Problem requirements – With pictures omitted, restate the data word for word.
### Data extract ###
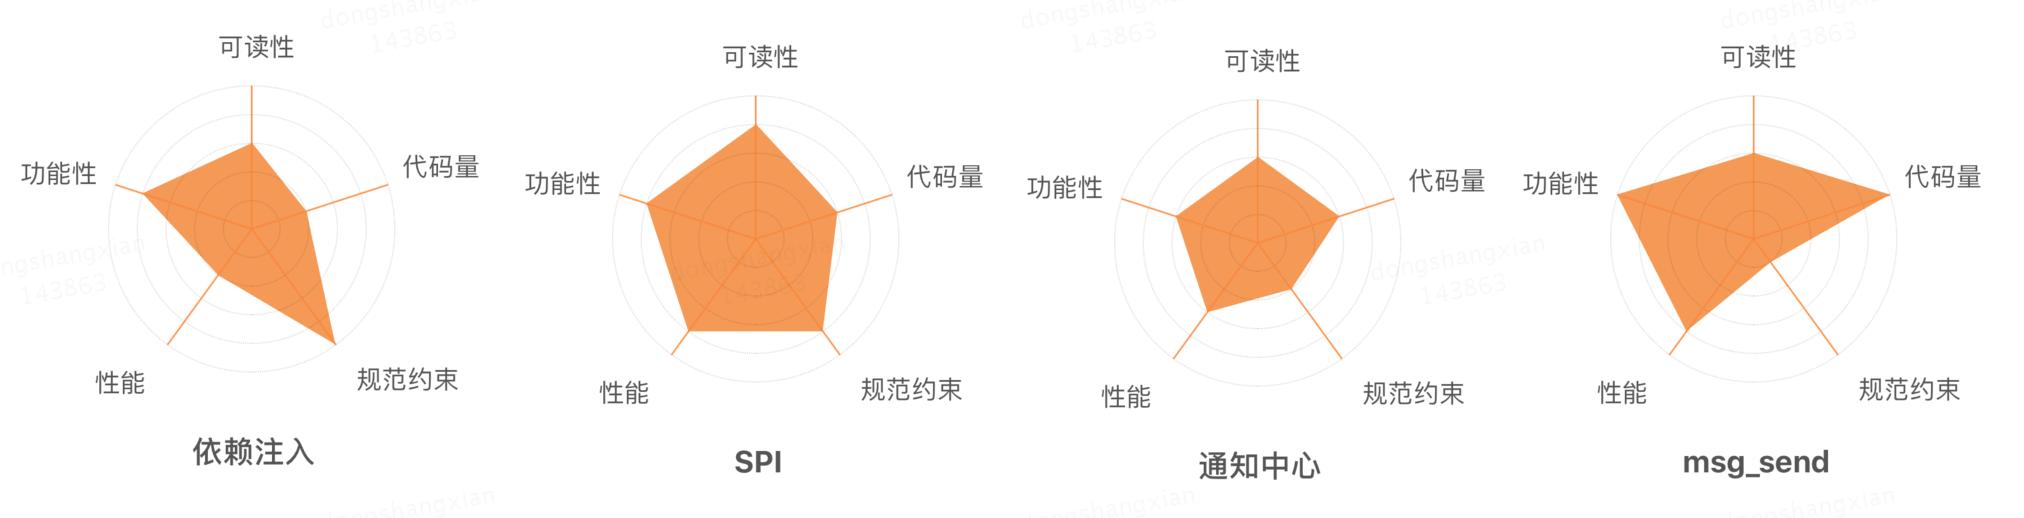 图1-2 性能消耗检测
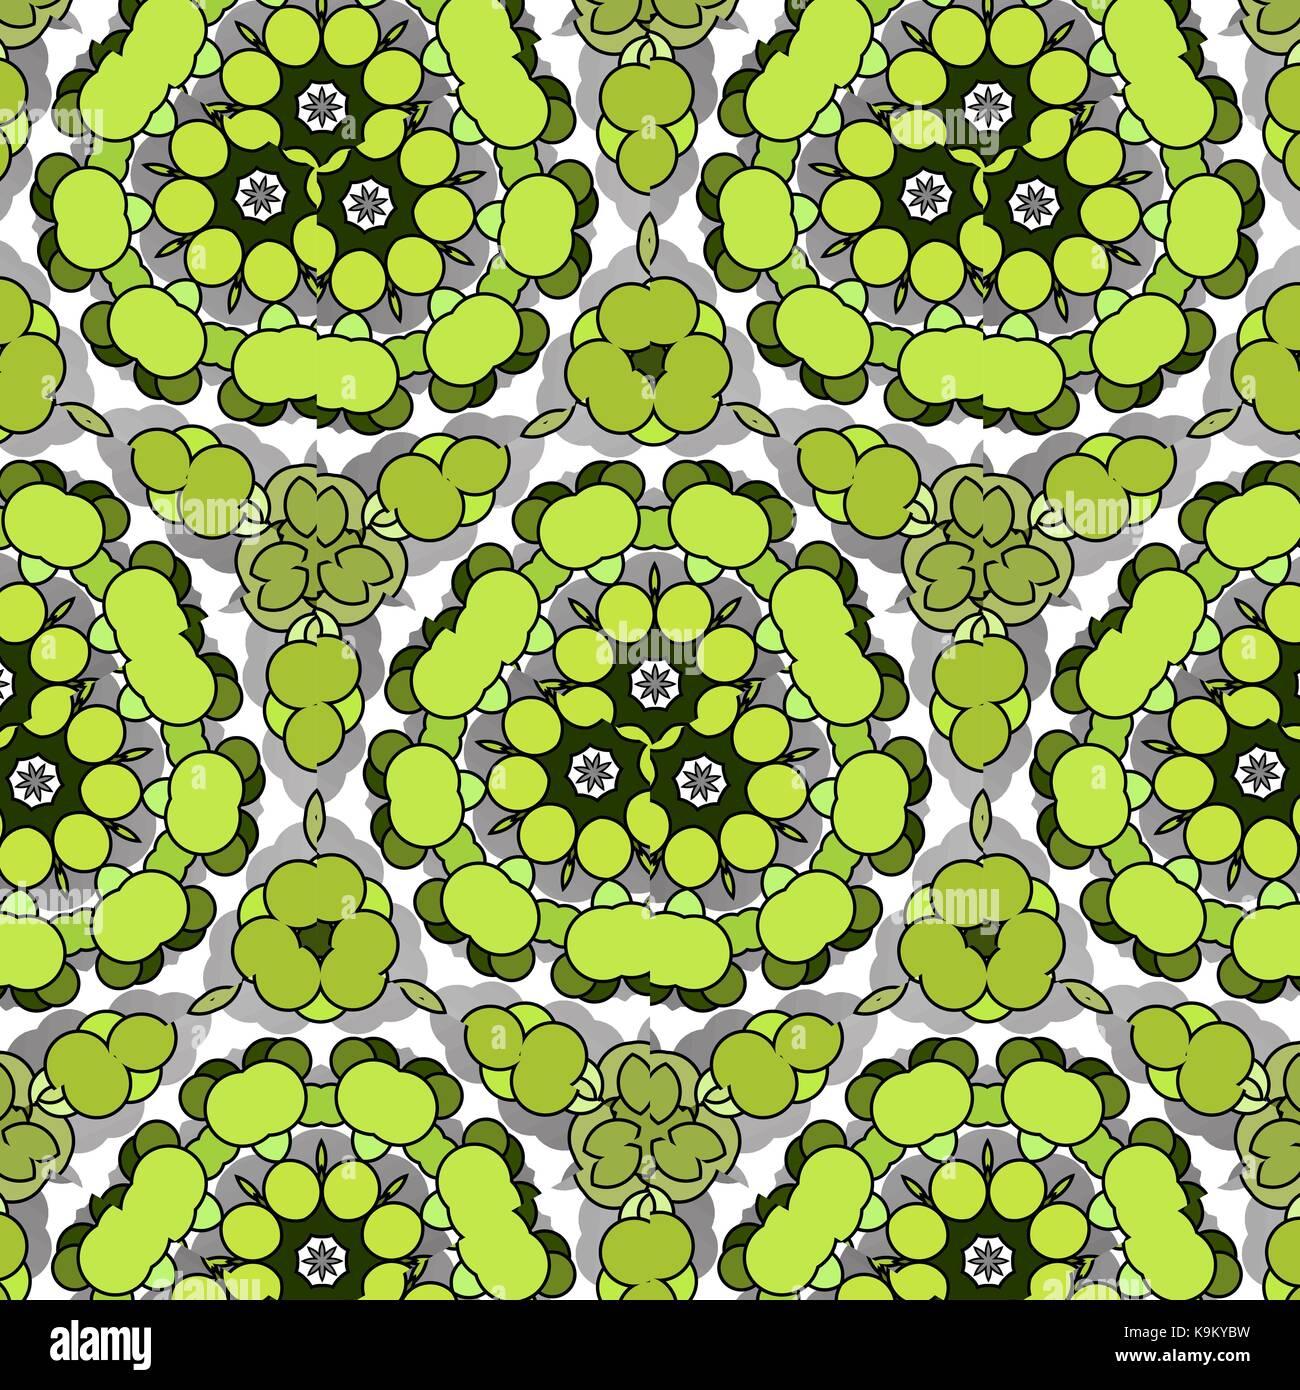 Funny drôle, amusant avec des cercles lumineux naturel. fond vert. Photo Stock
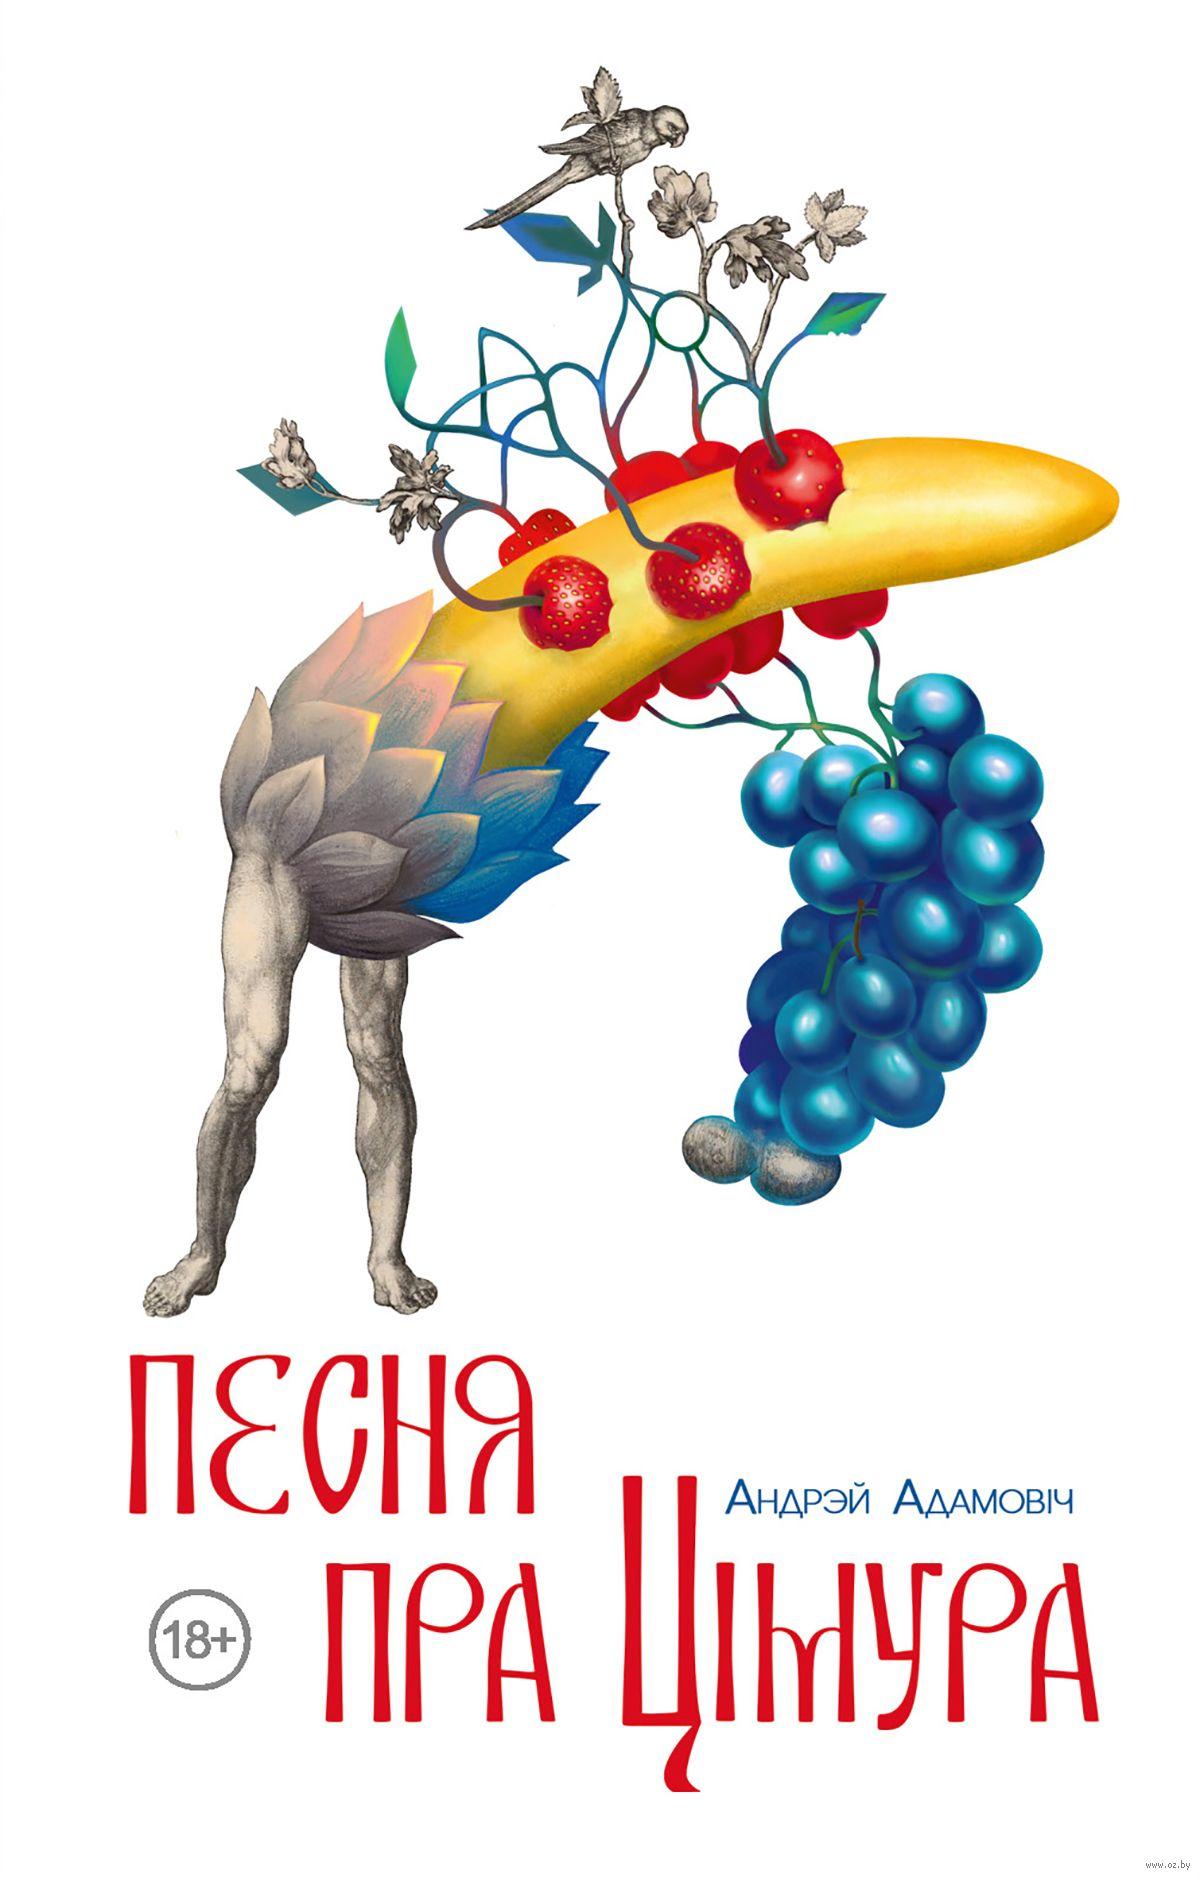 Image result for песня пра цімура
###
Expected output –
 图1-2 性能消耗检测
 Funny drôle, amusant avec des cercles lumineux naturel. fond vert. Photo Stock
 Image result for песня пра цімура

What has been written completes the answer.